··· Data
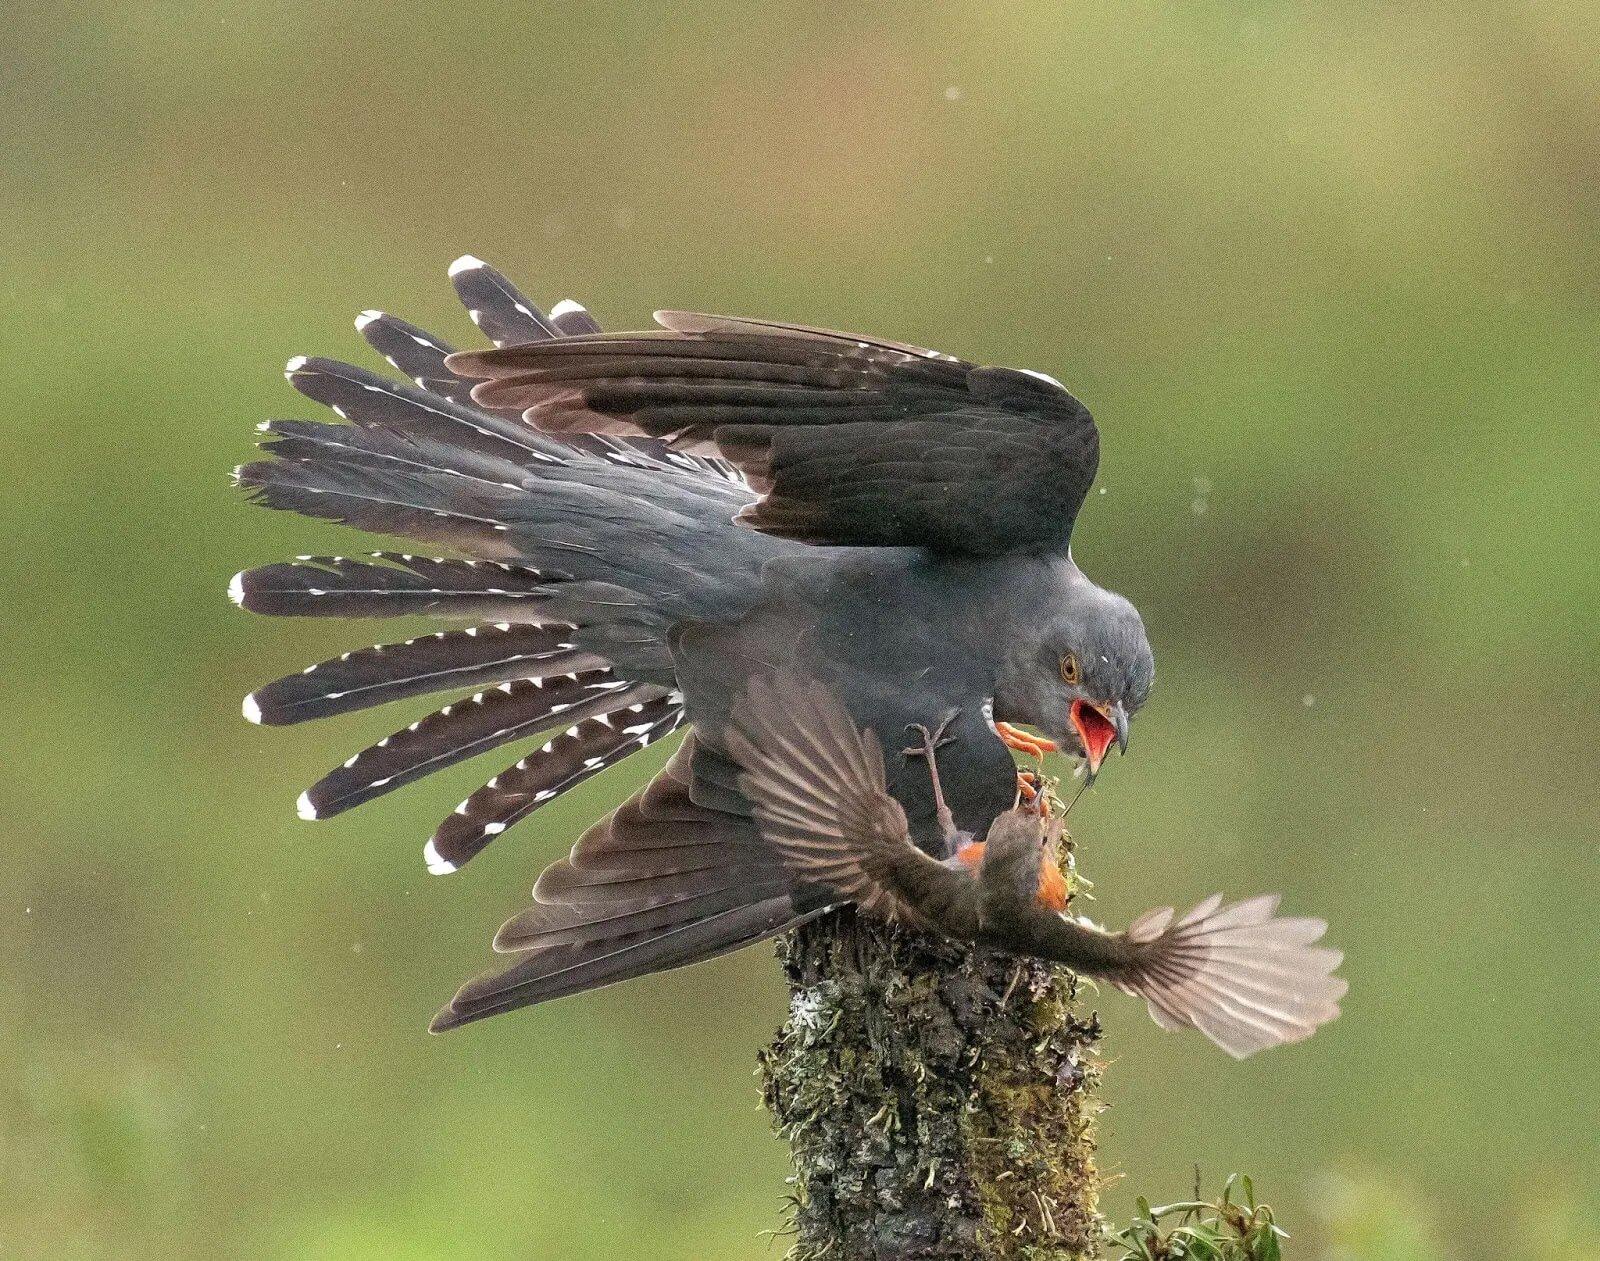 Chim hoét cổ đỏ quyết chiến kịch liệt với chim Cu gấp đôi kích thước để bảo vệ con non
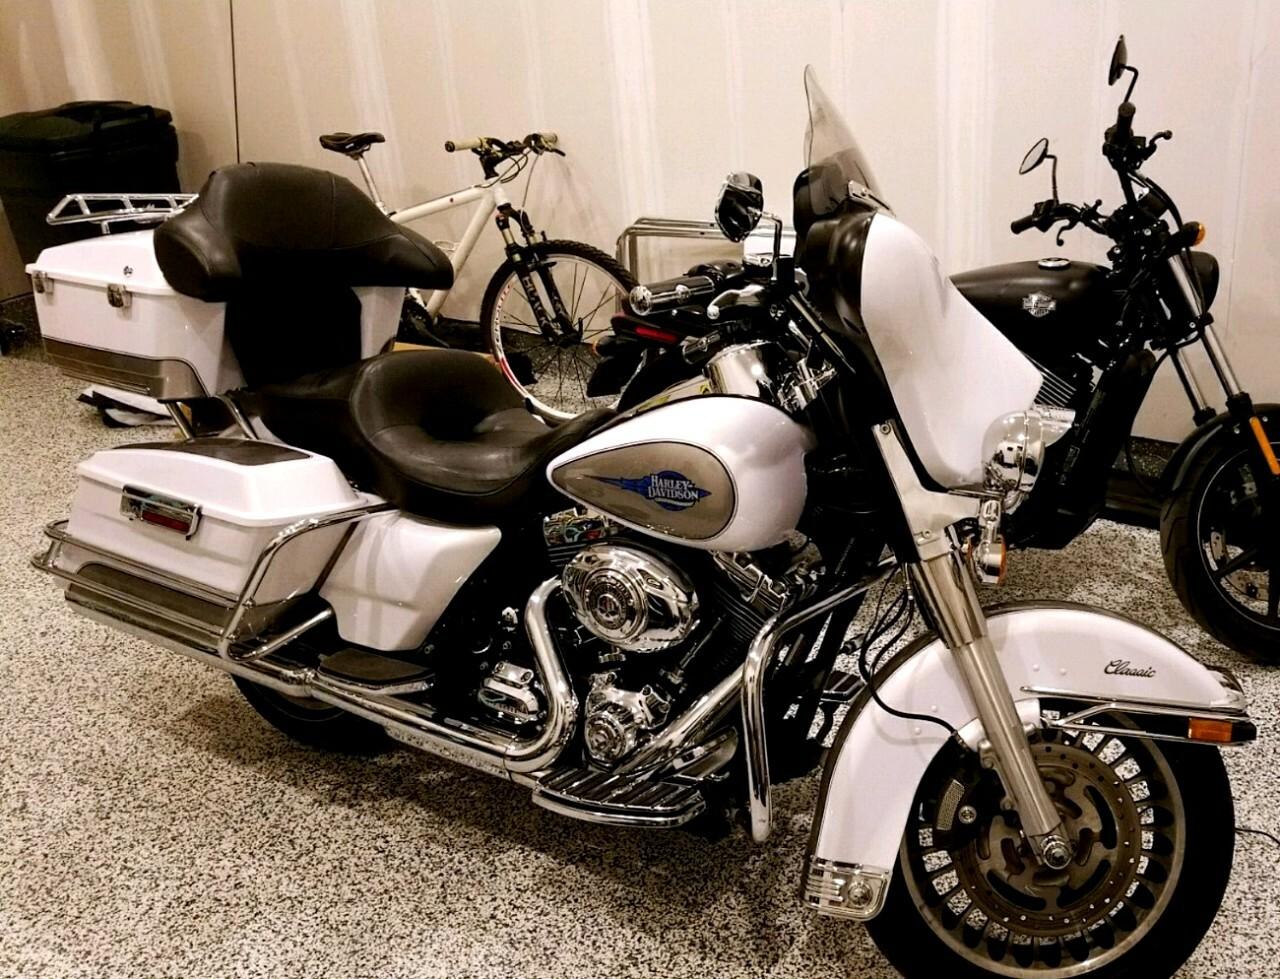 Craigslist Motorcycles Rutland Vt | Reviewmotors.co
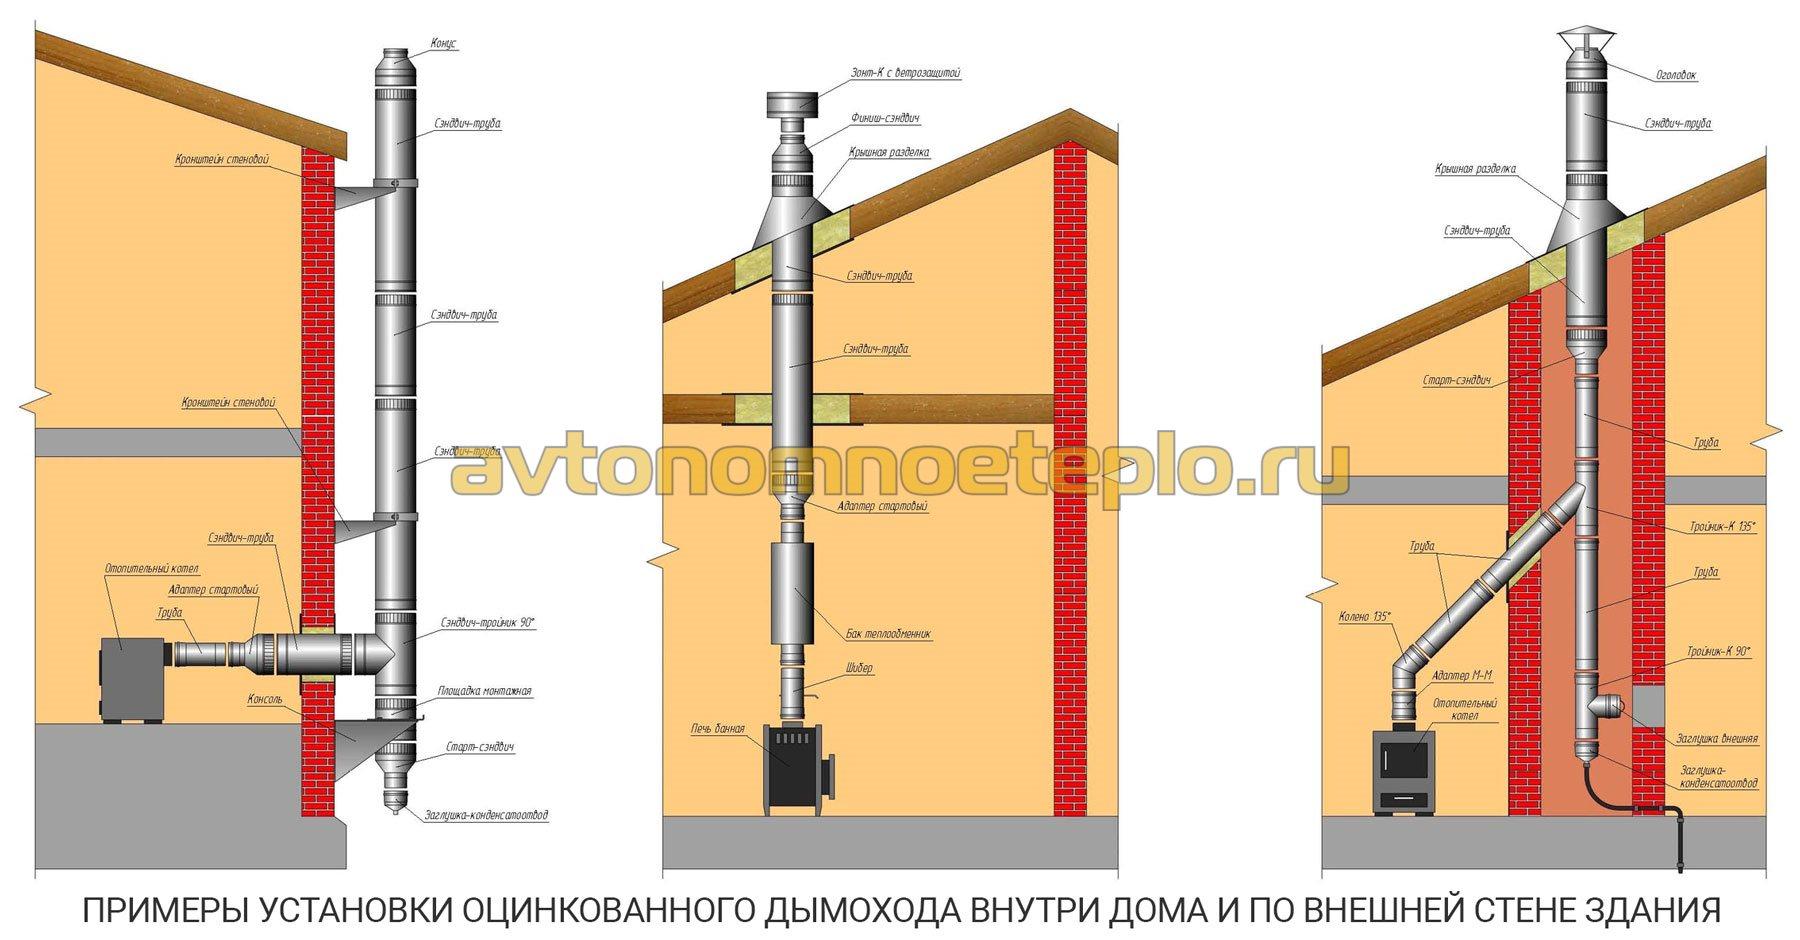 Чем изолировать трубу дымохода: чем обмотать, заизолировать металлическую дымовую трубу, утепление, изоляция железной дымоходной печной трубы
······
[Exercise instructions]:
Set the preceding data down again word for word, omitting images.

[Output for this exercise]:
 Chim hoét cổ đỏ quyết chiến kịch liệt với chim Cu gấp đôi kích thước để bảo vệ con non
 Craigslist Motorcycles Rutland Vt | Reviewmotors.co
 Чем изолировать трубу дымохода: чем обмотать, заизолировать металлическую дымовую трубу, утепление, изоляция железной дымоходной печной трубы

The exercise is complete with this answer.